Geneva has been so often described by tourists that I shall not attempt any description except to remark that there are several good Cabinets and collections of pictures belonging to individuals. There is a magnificent public library. The manufactures are those of watches and models of the Alps which are exceedingly ingenious. There are no theatrical amusements here; and during divine service on Sunday the gates of the city are shut, and neither ingress nor egress permitted; fortunately their liturgy (the Calvinistic) is at least one hour shorter than the Anglican. Balls and concerts take place here very often and the young Genevois of both sexes are generally proficient in music.
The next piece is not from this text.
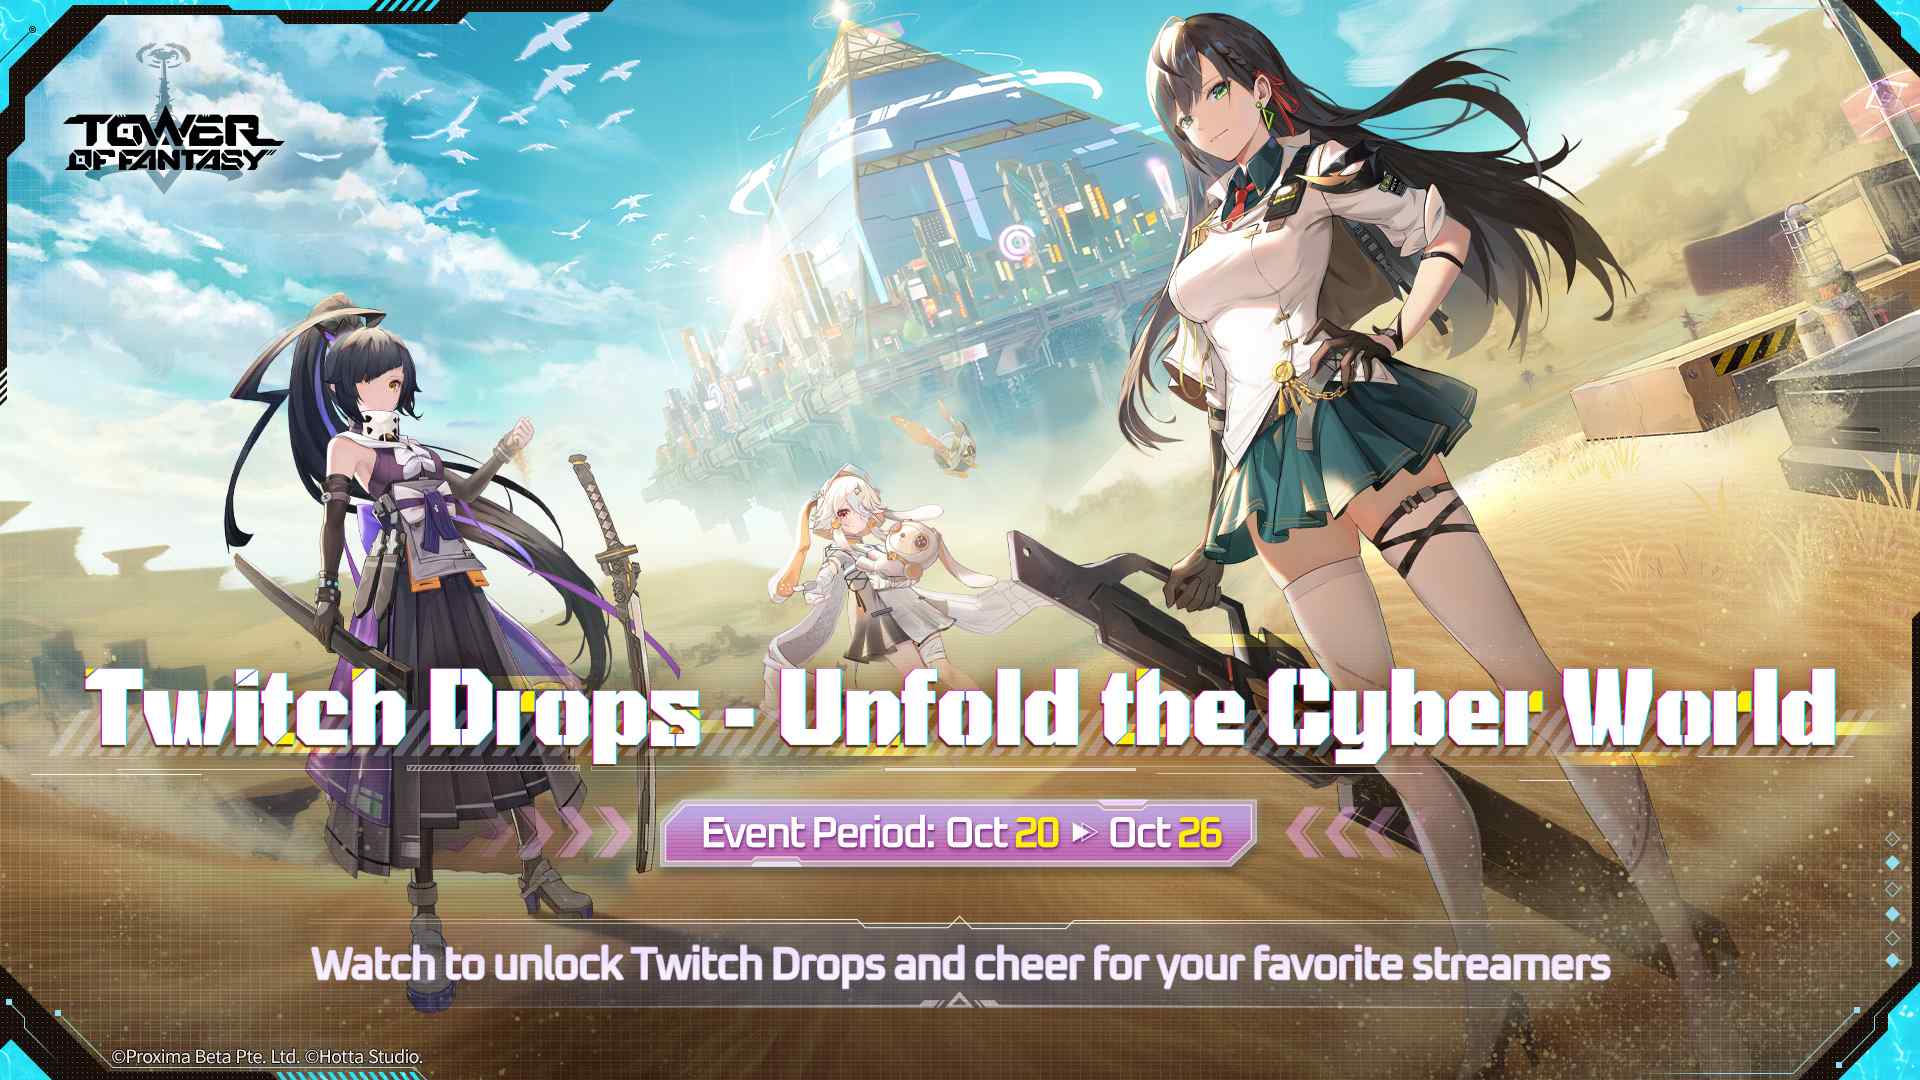 Tower of Fantasy_ Twitch drops - Unfold the Cyber World event

They amuse themselves too in summer with the “tir de l’arc” in common with all the Swiss Cantons.
October 3rd.
I have been in doubt whether I should go to Lausanne, return to Paris or extend my journey into Italy; but I have at length decided for the latter, as Zadera, who intends to start immediately for Milan, has offered me a place in his carriage a frais communs. I found him so agreeable a man and possessing sentiments so analogous to my own that I eagerly embraced the offer, and we are to cross the Simplon, so that I shall behold a travel over that magnificent chausee made by Napoleon’s orders, which I have so much desired to see and which everybody tells me is a most stupendous work and exceeding anything ever made by the Romans. As the Chevalier has served in Italy and was much repandu in society there, I could not possibly have a pleasanter companion. He has with him Dante and Alfieri, and I have Gessner’s Idylls and my constant travelling companion Ariosto, so that we shall have no loss for conversation, for when our native wits are exhausted, a page or two from any of the above authors will suggest innumerable ideas, anecdotes, and subjects of discourse.